Over the past month or two, I've considered using it for the first time _ever_ because I am a little _sick and tired_ of seeing _certain things_ from a _certain someone_ here, and since there's nothing I can say about it, it's like - either deal with it, or hide it from sight.

I probably won't, though, and will just keep hoping it stops. You know, kind of like that toothache you hope will go away on its own instead of having to see a dentist over it.


----------



## meepie (Jun 20, 2010)

I only add people who I don't want viewing my profile on my ignore list(privacy settings). So about 10 people -a couple that probably never log on(mostly trolls from chat). Other than that I don't actually want anyone on there cuz I can ignore most people myself.


----------



## arnie (Jan 24, 2012)

Just Lurking said:


> Over the past month or two, I've considered using it for the first time _ever_ because I am a little _sick and tired_ of seeing _certain things_ from a _certain someone_ here, and since there's nothing I can say about it, it's like - either deal with it, or hide it from sight.


Ooh... Ooh... Is it me?


----------



## Terranaut (Jul 11, 2013)

About 8. Toxic people go there right away. No sense getting infected.


----------



## SeraphSoul (Aug 4, 2013)

Zero.


----------



## millenniumman75 (Feb 4, 2005)

arnie said:


> Ooh... Ooh... Is it me?


That's not even Katy Perry in her Elmo shirt :lol.

I am glad I am not on it.

Next month marks nine years on SAS for me. I only had one person on my ignore list....this was after he and I exchanged PMs for three days one weekend - he went into a tirade (definite anger issues) and decided to attack me personally (multiple times) as a moderator. He went too far with one PM, and it was sent to the other mods. I put him on ignore, but he was permanently banned very soon afterwards. One of the current mods here know who I am talking about because he was also friends with this guy. We thought he was a calm, cool dude, but he really snapped. :um That is the only time I have ever used the ignore feature.
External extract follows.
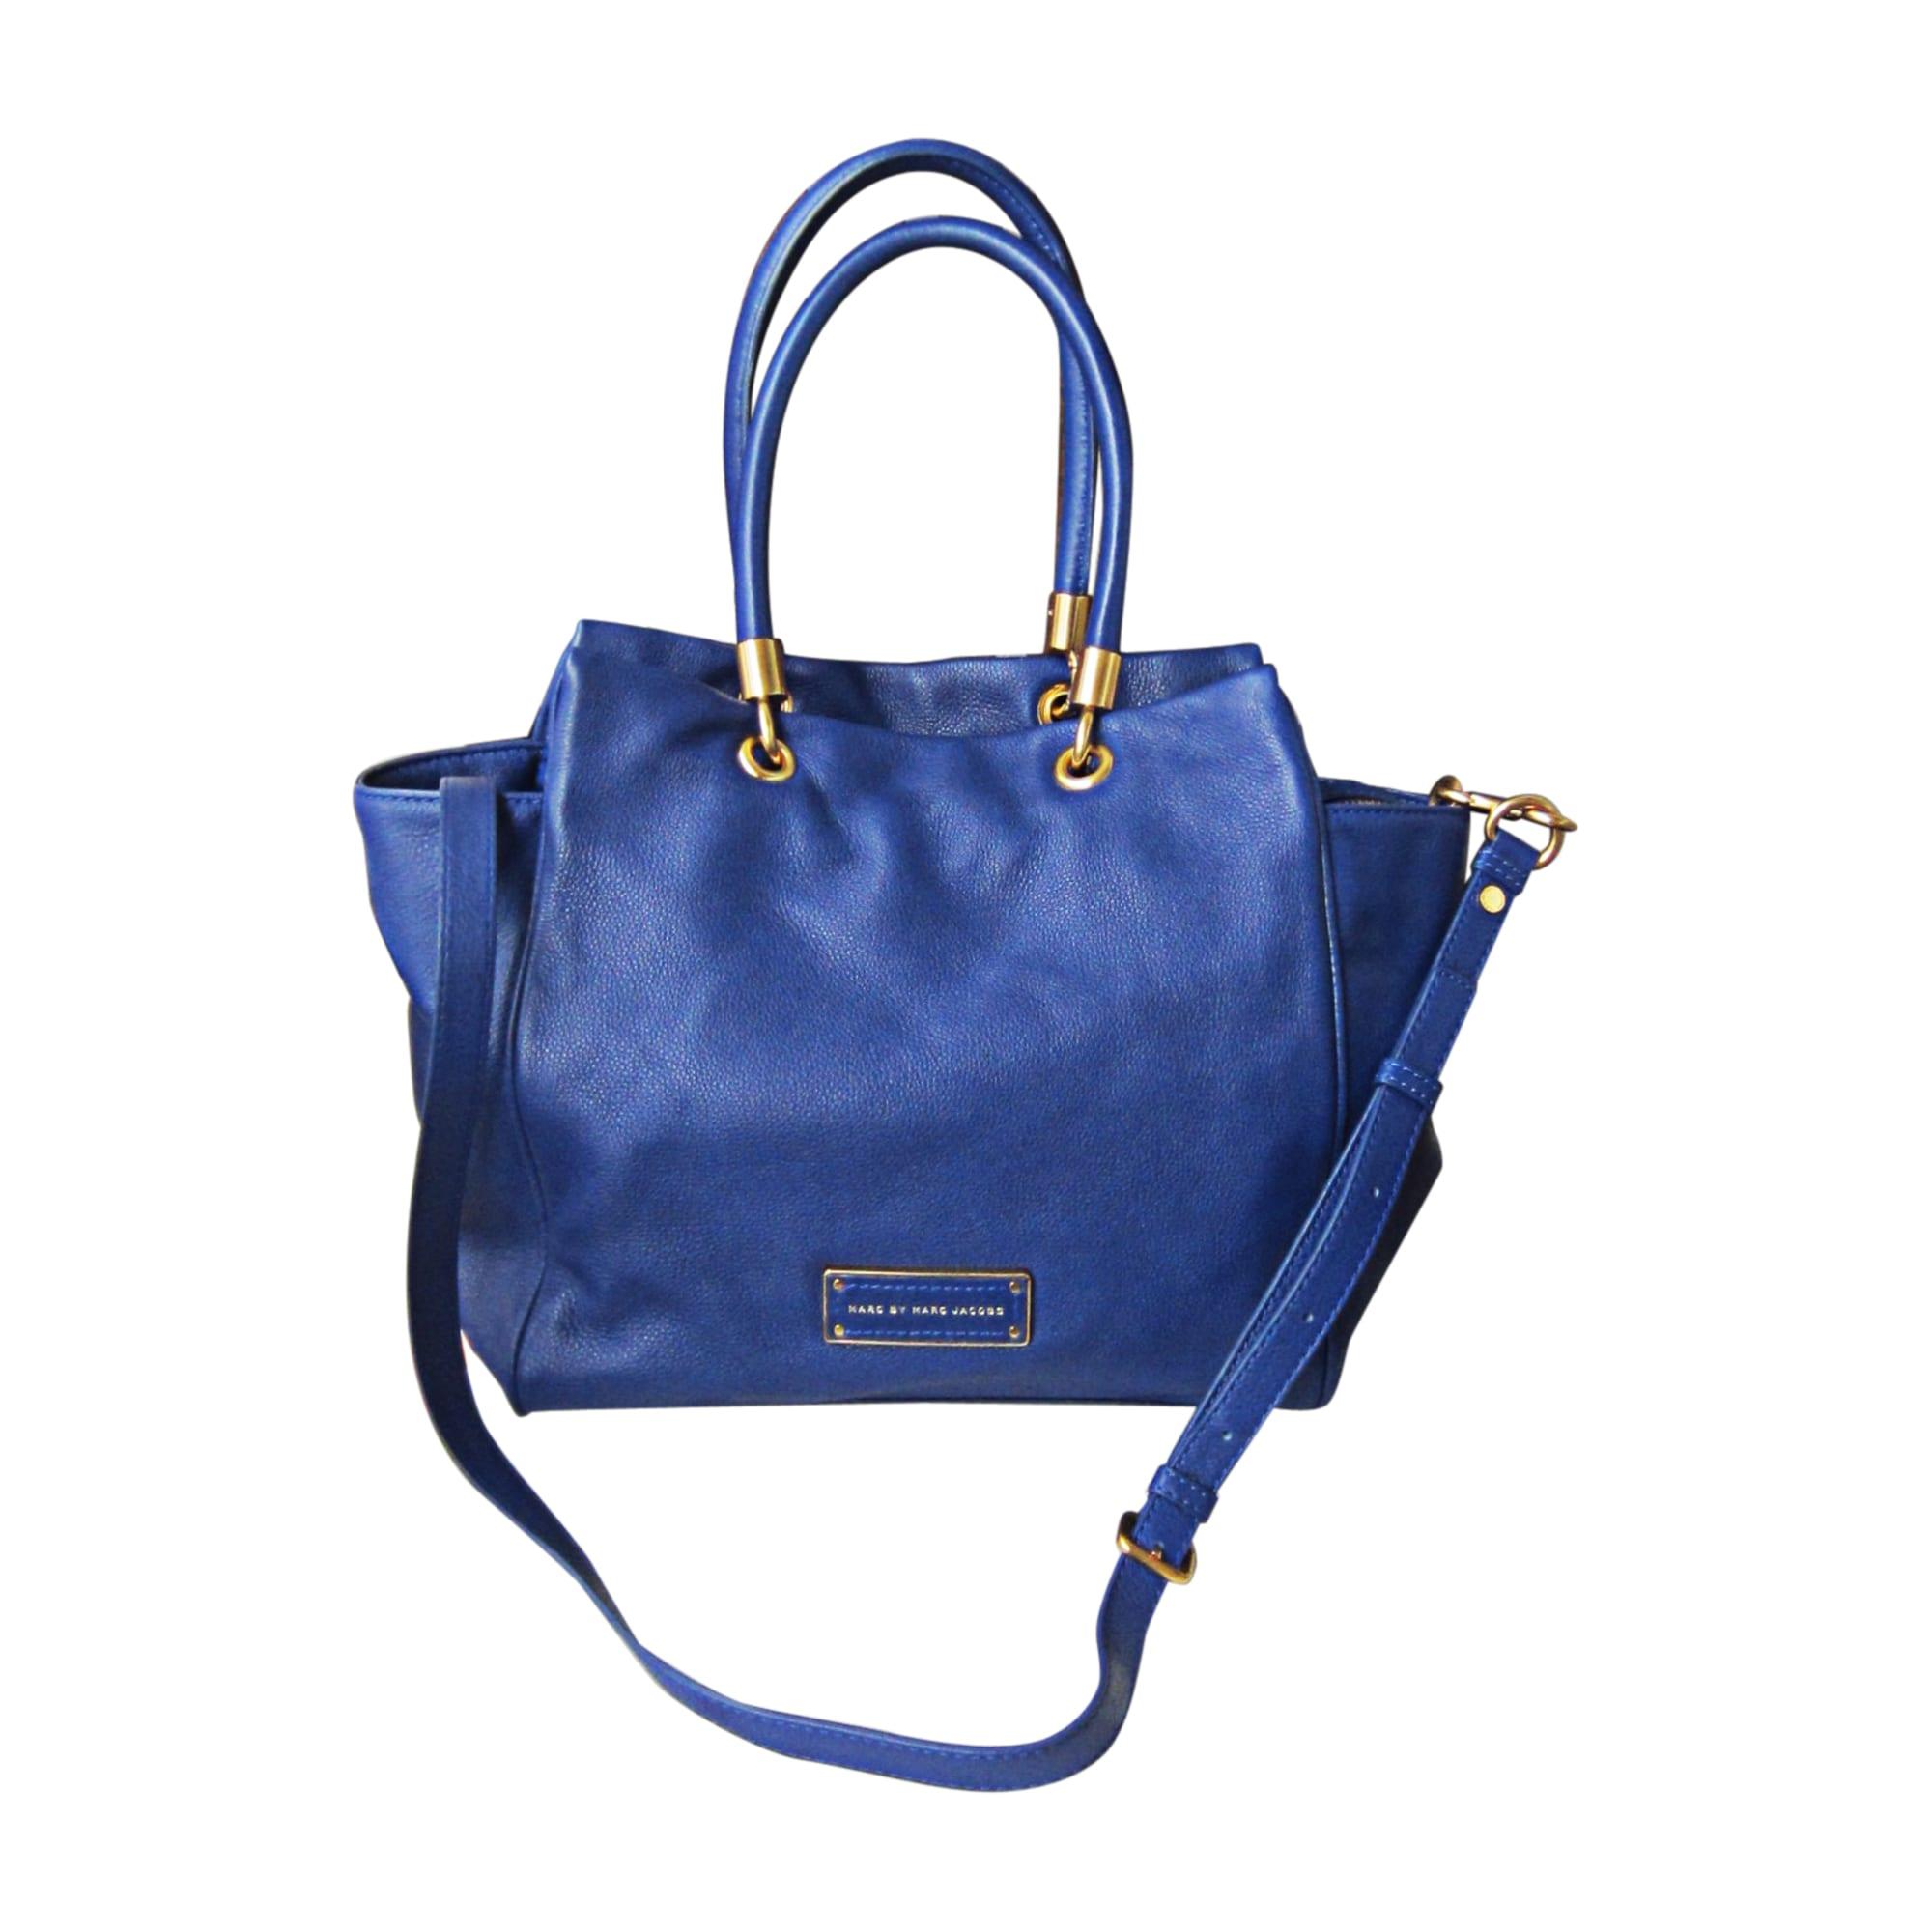 a8f69131b7 Sac à main en cuir MARC JACOBS Bleu, bleu marine, bleu turquoise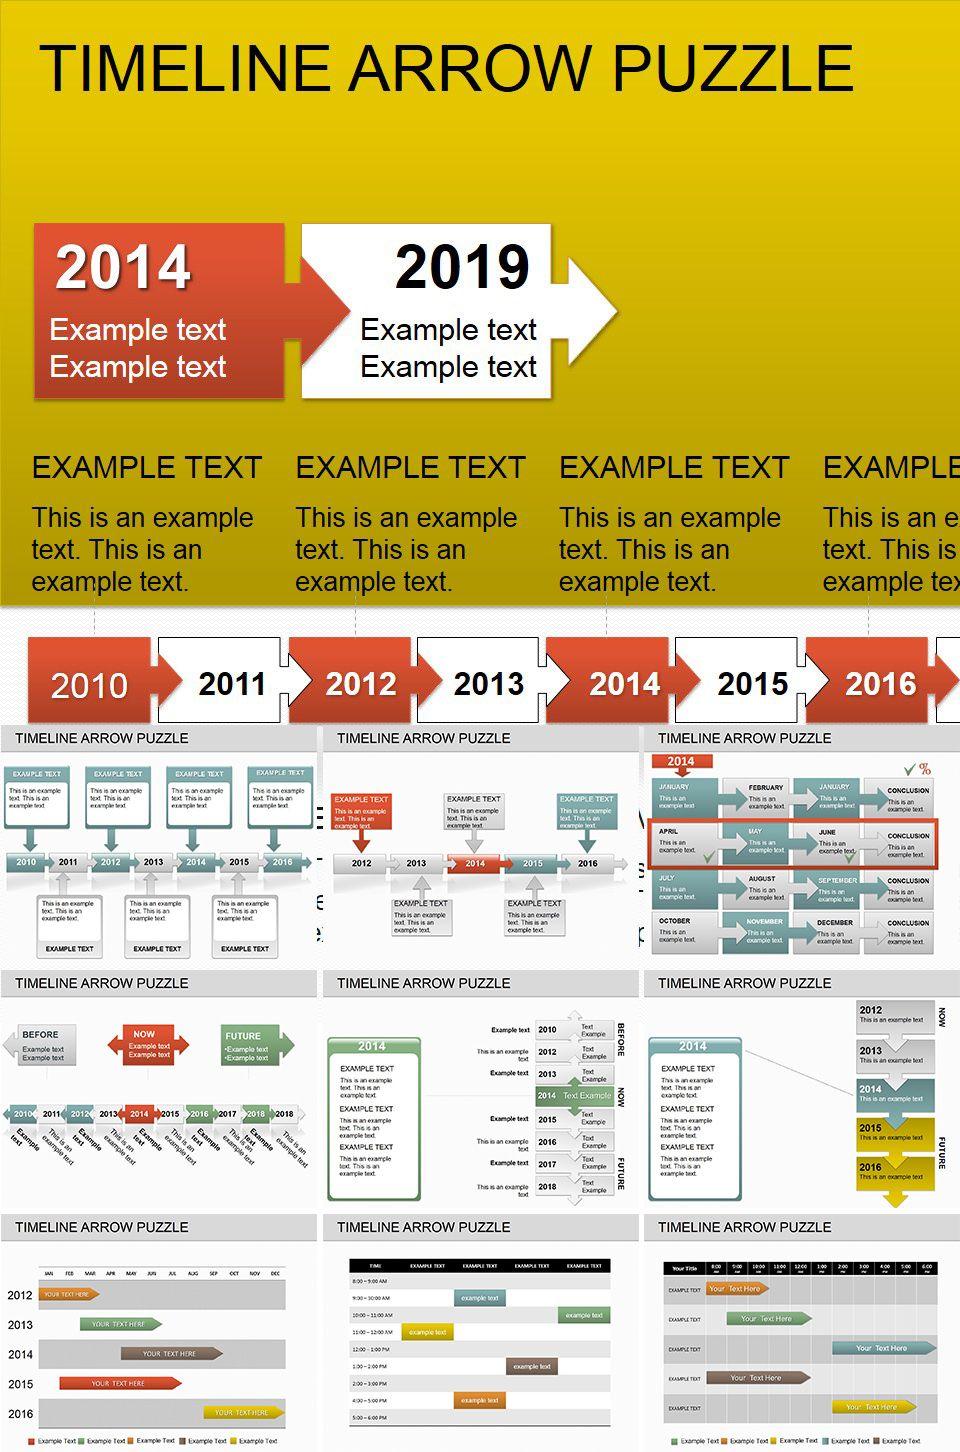 Download timeline arrow puzzle powerpoint diagrams powerpoint download timeline arrow puzzle powerpoint diagrams toneelgroepblik Gallery

That's why I ask about the 19 - are there like multiple pages or does it appear like your friends list? :stu That's an area of the site that I don't know much about.


----------



## aGenericUsername (Apr 7, 2013)

Man, all these indirect insults are getting me paranoid. 

Why can't people just come out and say things?


----------



## brooke_brigham (Nov 28, 2013)

If you block people does it block the pics they post too?>


----------



## Crimson Lotus (Jul 26, 2013)

blue_blue said:


> If you block people does it block the pics they post too?>


I assume you mean pics they post in their comments and not stuff from albums and the like.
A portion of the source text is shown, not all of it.